У людей признано, что нация позволяет руководить собой самым способным своим представителям, тем, кто создан для этой миссии, а не доверять руководство всеми сферами своей жизни какому-то случайному большинству, чуждому этой роли. Таким образом [если смотреть с этой точки зрения], на практике демократия приведет к разрушению истинных ценностей нации.
Суммируя приведенные аргументы, я вижу два диаметрально противоположных принципа: принцип демократии, которая, где бы она ни получила возможность практического применения, становится разрушительной; и принцип власти личности, которую я назвал бы созидательной, потому что достижения прошлого – всей человеческой цивилизации – можно понять, только когда признается главенство этого принципа.
Колонизация Северо-Американского континента. не является следствием каких-либо претензий высшего права в демократическом или интернациональном понимании. Она была результатом осознания права, происходящего единственно из убеждения в превосходстве белой расы, а потому и в его правах… Однако белая раса… может сохранять свое положение лишь до тех пор, пока существует различие в стандартах жизни в различных частях земного шара."
Но хотя Гитлер явно чувствовал себя не в своей тарелке, он не потерял присутствия духа из-за первоначальной холодности слушателей. Он привык преодолевать враждебность аудиторий, даже если это удавалось не сразу.
Когда Клуб индустрии, оценивший это выступление как политическое, принял решение не рассылать, как было принято, его текст членам клуба, официальное издательство нацистов "Ээр Ферлаг" издало речь Гитлера в виде памфлета на 31 странице. Вряд ли в целях экономии издатели исключили примечания "аплодисменты", "восторженные аплодисменты", "бурные аплодисменты" или восклицания "Браво!". Только на 19-й странице памфлета встречается в скобках слово "аплодисменты".

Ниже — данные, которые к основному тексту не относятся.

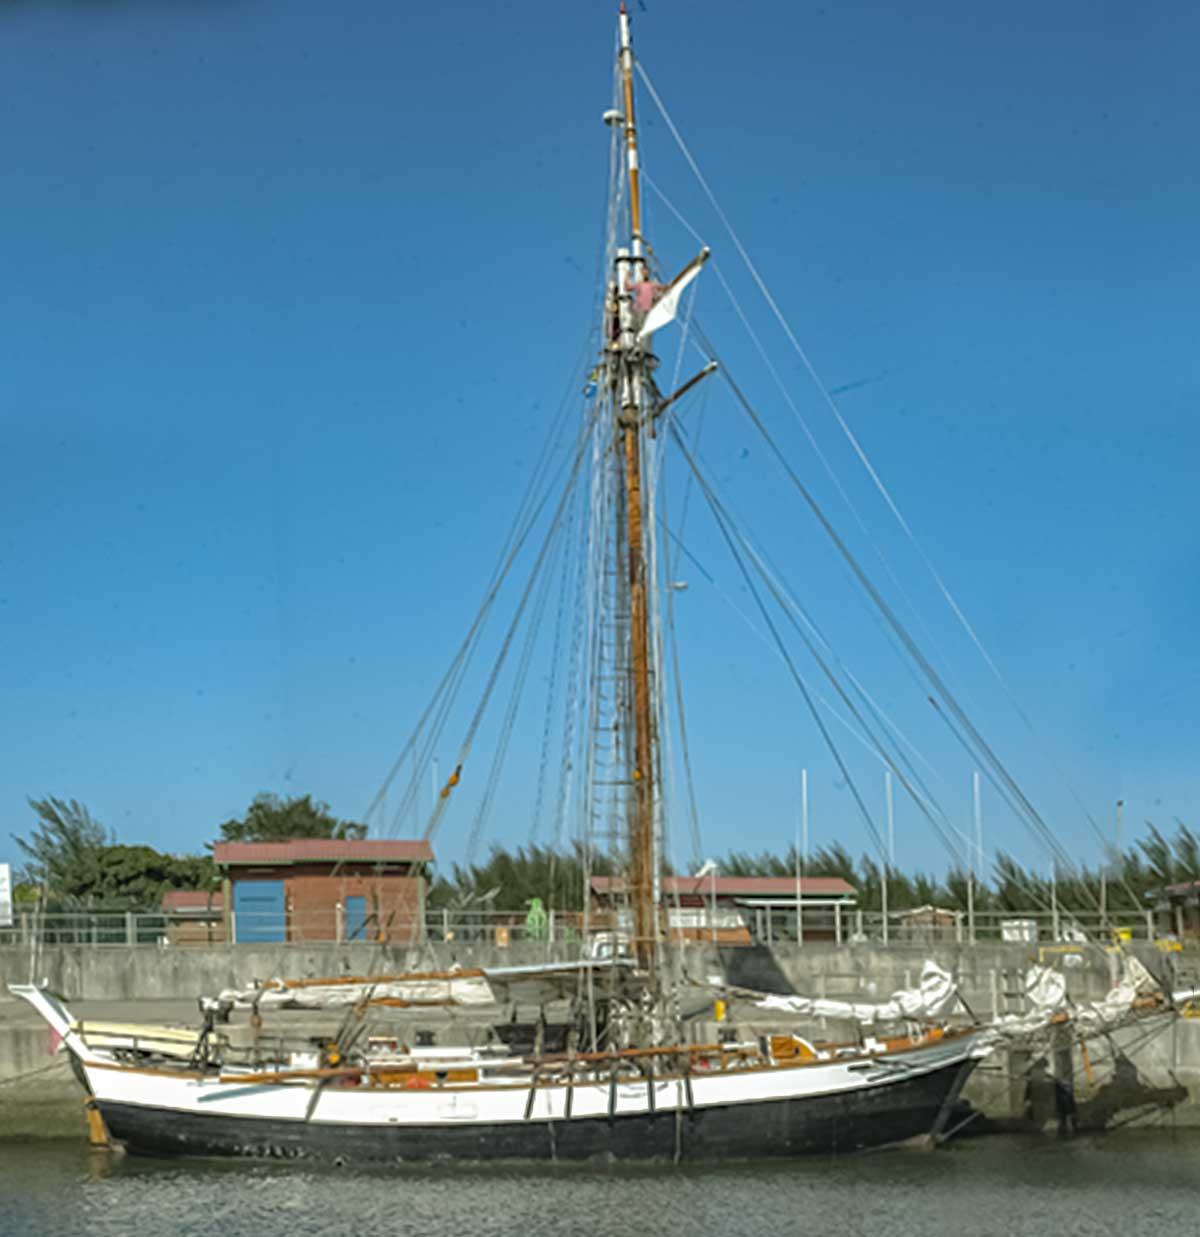 Historic Vessel Vega, Richards Bay, South Africa - January 2002

Гитлер изложил свою идею о том, что экономический спад всегда наступает в результате слабости государства, а не наоборот; что экономика может развиваться лишь тогда, когда уже имеется крепкое и сильное государство. Те, кто считает, что "по общему мнению" корнем всех бед Германии является Версальский договор, ошибаются, заявил он.
"Нет! – вскричал он. – Не "по общему мнению", а лишь по мнению тех, кто участвовал в его подписании".
Вот в этот момент ему в первый раз и захлопали. Отказ от признания Версальского договора в те дни был очень популярной темой.
"Этот договор, – продолжал Гитлер, – является не чем иным, как следствием нашего прогрессирующего душевного расстройства и помрачения ума". Далее он начал развивать одну из своих любимых идей о превосходстве нордической расы. Германия, заявил он, обязана своим возвышением тому, что была создана представителями нордической расы. Поэтому для возвращения фатерланду политической мощи необходимо в первую очередь возродить германскую расу".
Эта фраза, подразумевающая необходимость высылки из страны части населения, не принадлежащей к нордической расе, снова была встречена молчанием.
Однако через несколько минут, когда он решительно осудил коммунизм, раздались первые "одобрительные аплодисменты". Вот слова, которые заставили людей аплодировать ему: "Невозможно создать крепкую и здоровую Германию, если половина ее населения ориентирована на большевизм и пятьдесят процентов – на национализм! (Правильно!) Мы просто не можем не решить эту проблему! (Одобрительные аплодисменты)".